Dr. Catherine Tessier is a senior researcher at ONERA, Toulouse, France. Her research focuses on modelling ethical reasoning and on ethical issues related to the use of “autonomous” robots. She is also ONERA’s research integrity and ethics officer. She is a member of the French national ethics committee for digital technologies and a member of the ethics committee of the French ministry of defense. She is also a member of Inria’s Research Ethics Board (Coerle).


 

 

Rainer Mühlhoff

I’m a philosophy professor at the University of Osnabrück, Germany. My research focuses on the societal implications of artificial intelligence and digital media.


 

 

Kirstie Whitaker

She completed a PhD in Neuroscience at the University of California, Berkeley in 2012 and joined the Turing Institute as a Turing Research Fellow in 2017 from a postdoctoral fellowship at the University of Cambridge in the Department of Psychiatry.
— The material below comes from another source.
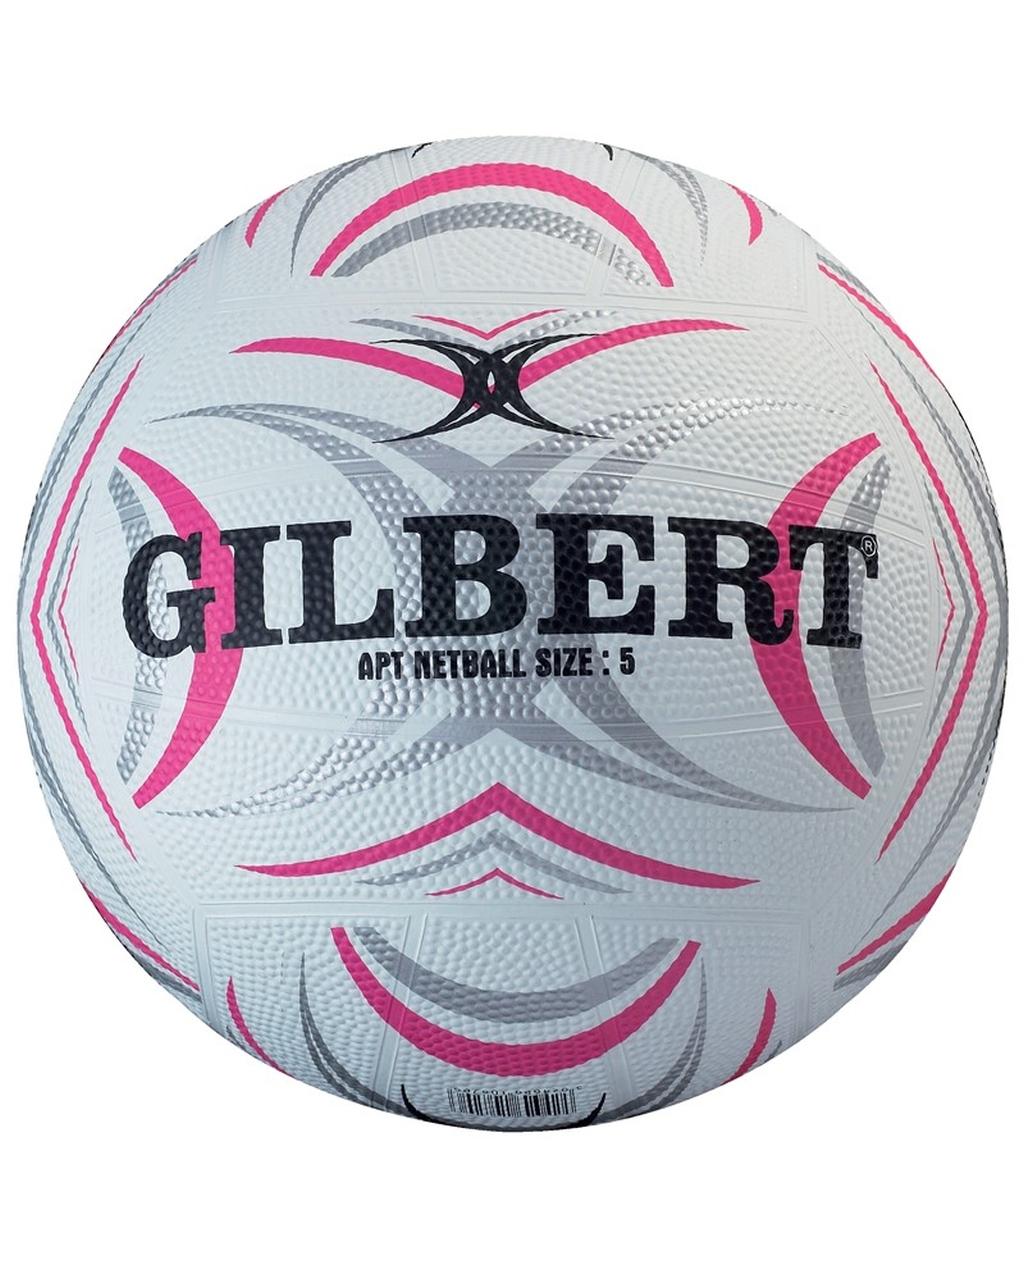 Netball Gilbert ATP S4

In 2020, she was promoted to Programme Lead for Tools, Practices and Systems, and in 2021 to Programme Director, reflecting the growth of this cross cutting programme. Kirstie is committed to realising the TPS community’s mission of investing in the people who sustain the open infrastructure ecosystem for data science. She is also the chair of the Turing Institute’s Ethics Advisory Group.


 

 

Daniela Tafani

Daniela Tafani is a fixed-term researcher of Political Philosophy at the University of Pisa. She has been a research fellow at the University of Bologna. She is vice-president of the Italian Society of Kantian Studies (Società Italiana di Studi Kantiani). She is a member of the editorial board of the journal 'Bollettino telematico di filosofia politica' and of the Scientific Committee of the journal 'Zeitschrift für Rechtsphilosophie'. She is a member of the Italian Society for the Ethics of Artificial Intelligence. She has worked on Kantian moral philosophy (Virtù e felicità in Kant, Firenze, Leo S. Olschki, 2006), the philosophy of law in German idealism (Beiträge zur Rechtsphilosophie des deutschen Idealismus, Berlin, Lit Verlag, 2011), the relationship between ethics and law in the 20th century (Distinguere uno Stato da una banda di ladri. Etica e diritto nel XX secolo, Bologna, Il Mu- lino, 2014), and contemporary libertarian paternalisms. Her current research interests include Kant’s moral philosophy and the ethics and politics of artificial intelligence.